*** INFORMATION SHOWN

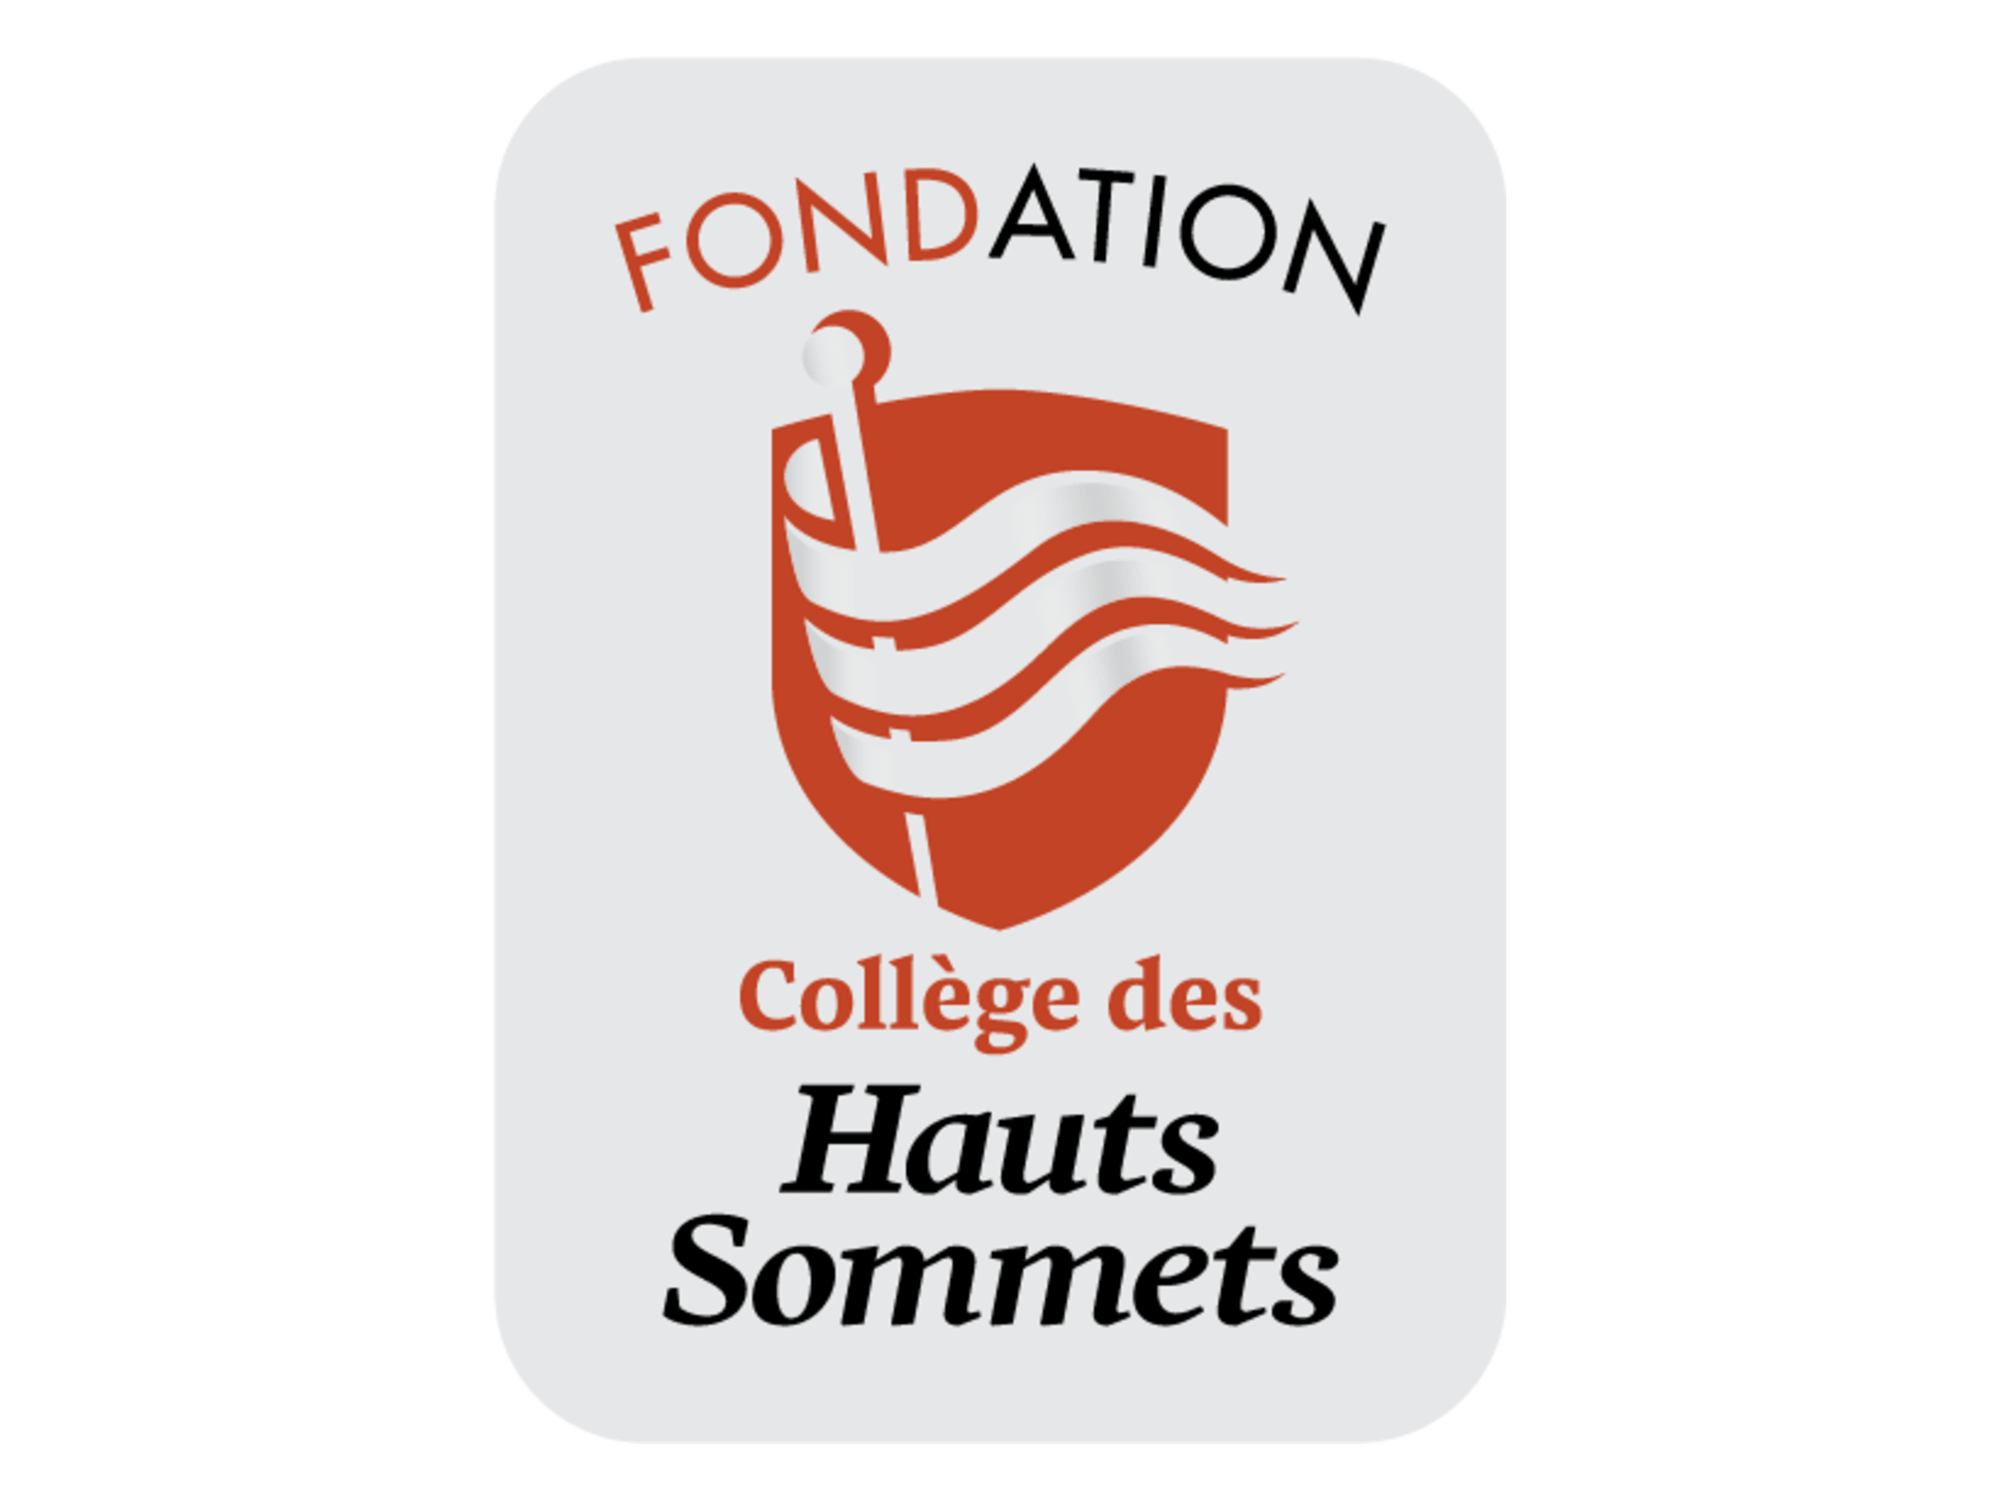 Fondation.png
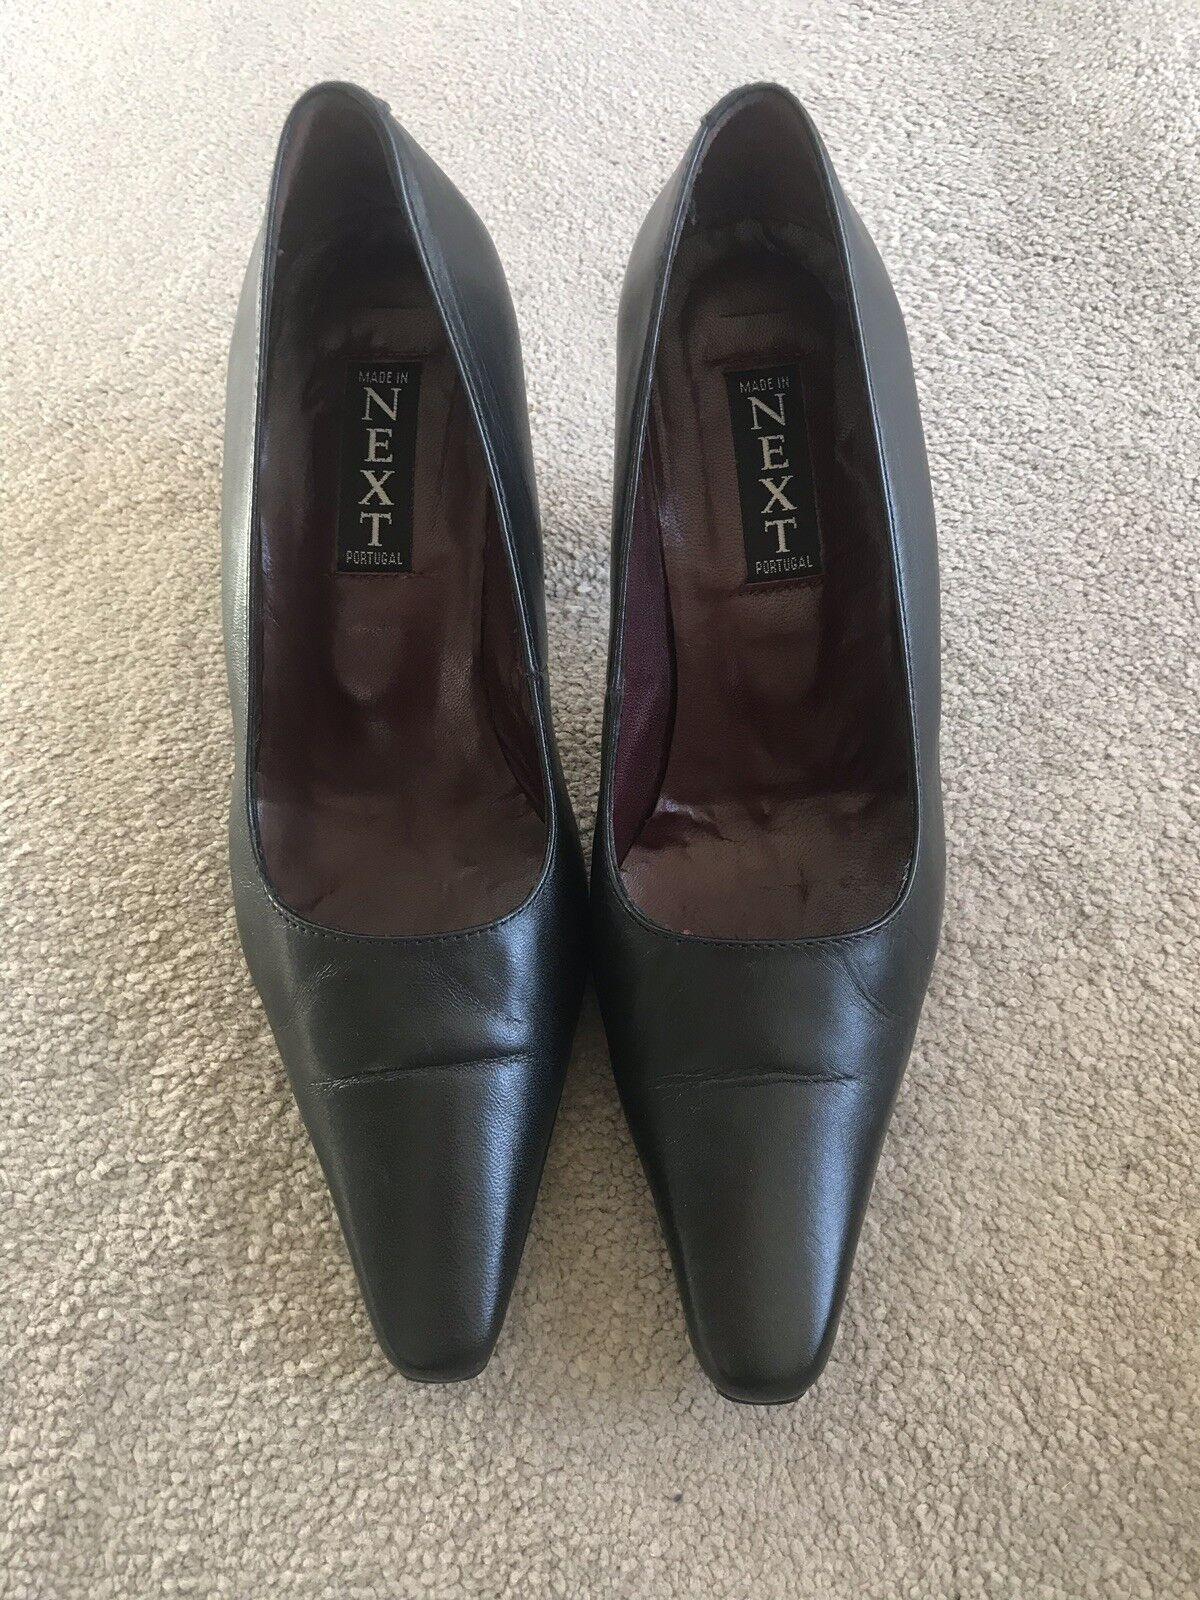 Women's Next Black Leather Court shoes Size 36.5   3.5
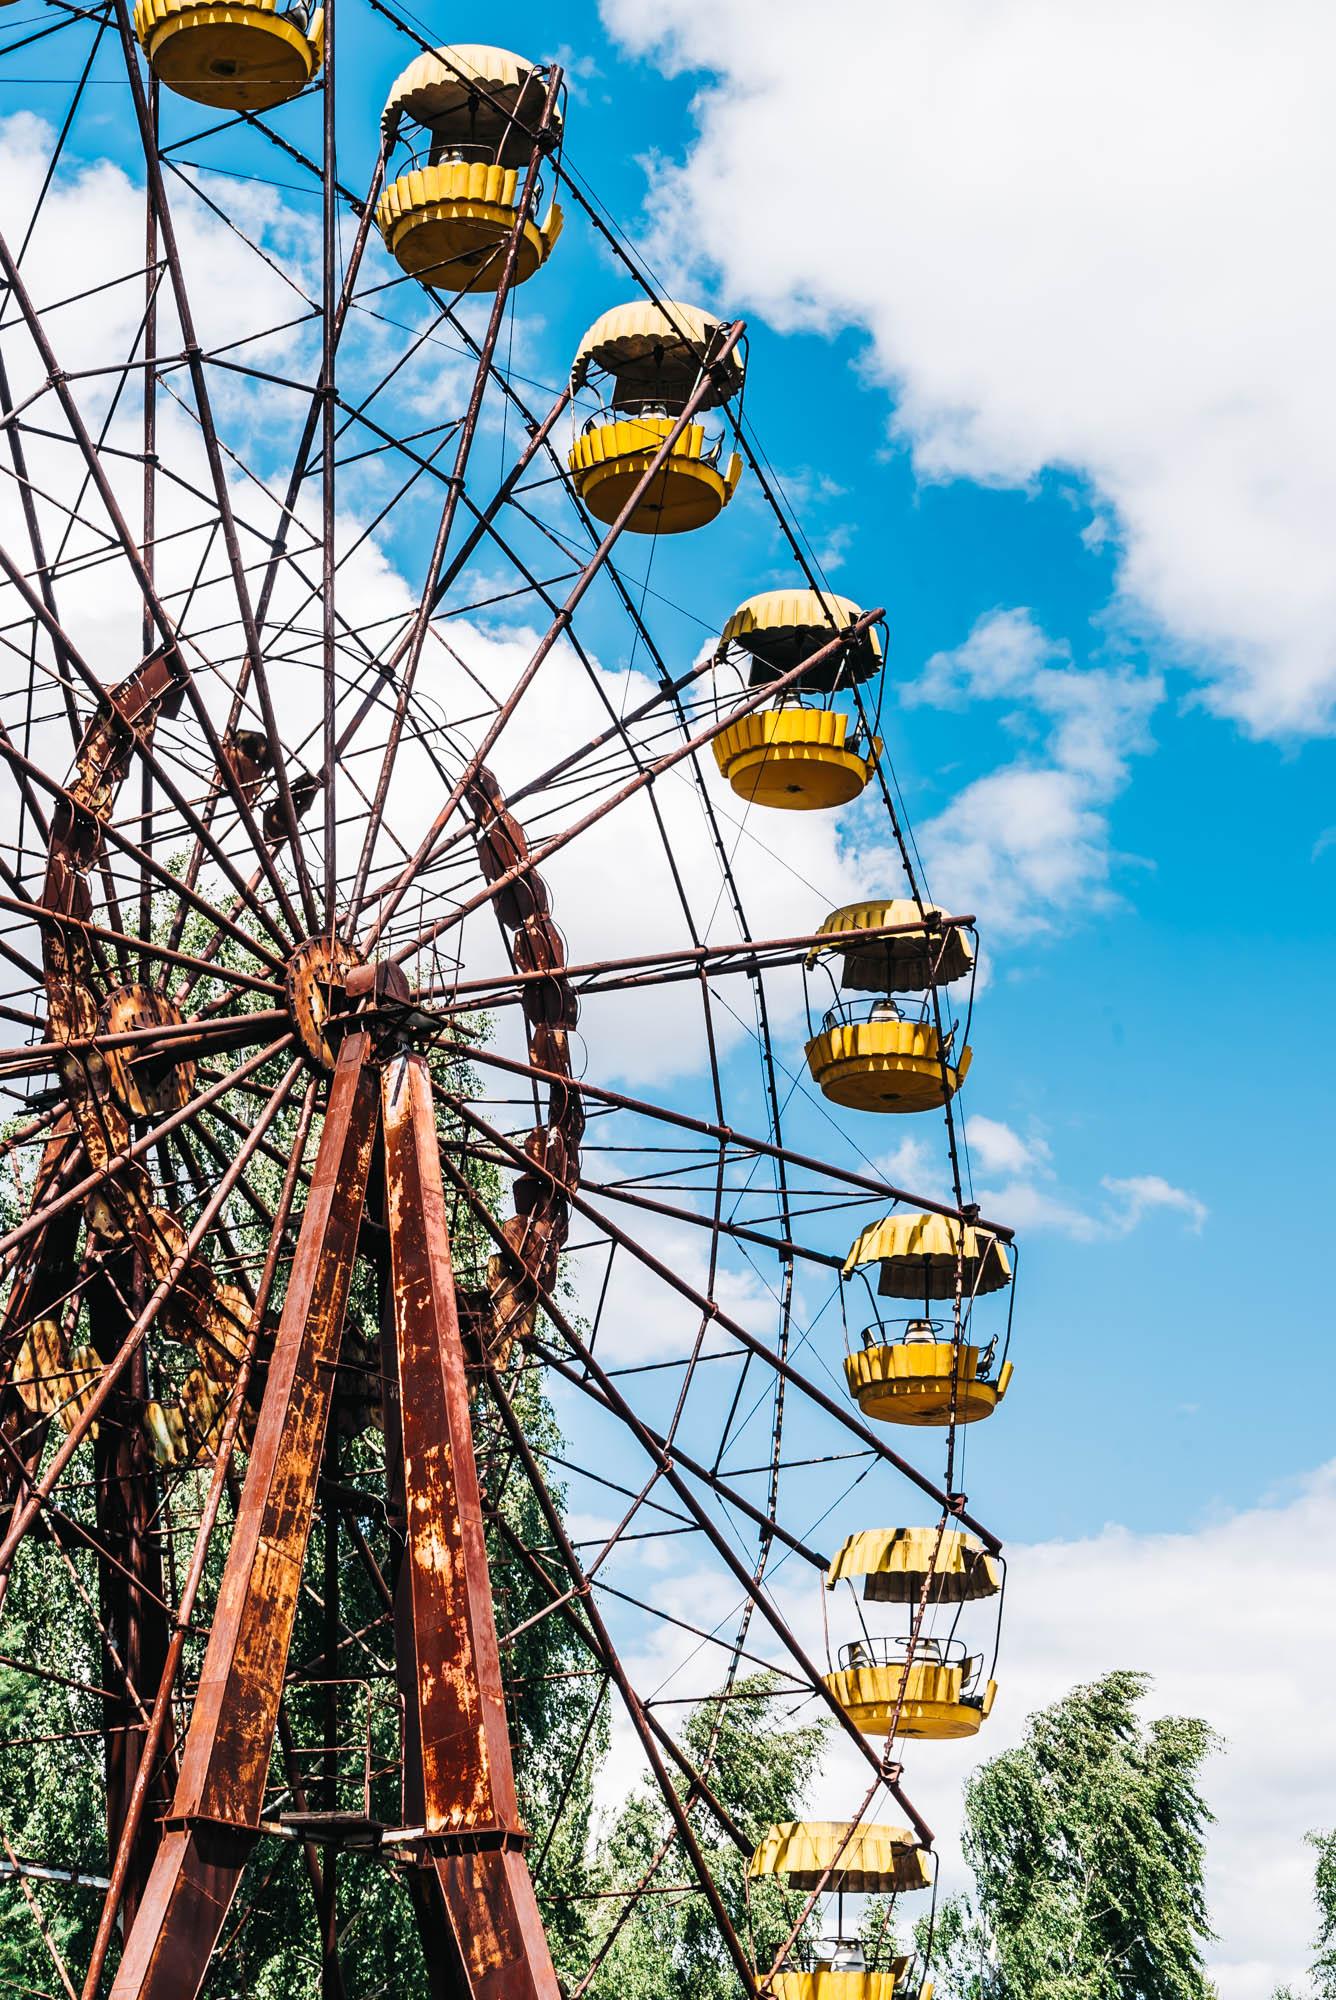 The iconic ferris wheel of Pripyat

******

• [WHAT YOU NEED TO DO]: Everything from the line with "Women's Next Black" through the last line above should be reproduced exactly, both ends included; pictures must be omitted.

• [RESPONSE BOX]:
 Women's Next Black Leather Court shoes Size 36.5   3.5
 The iconic ferris wheel of Pripyat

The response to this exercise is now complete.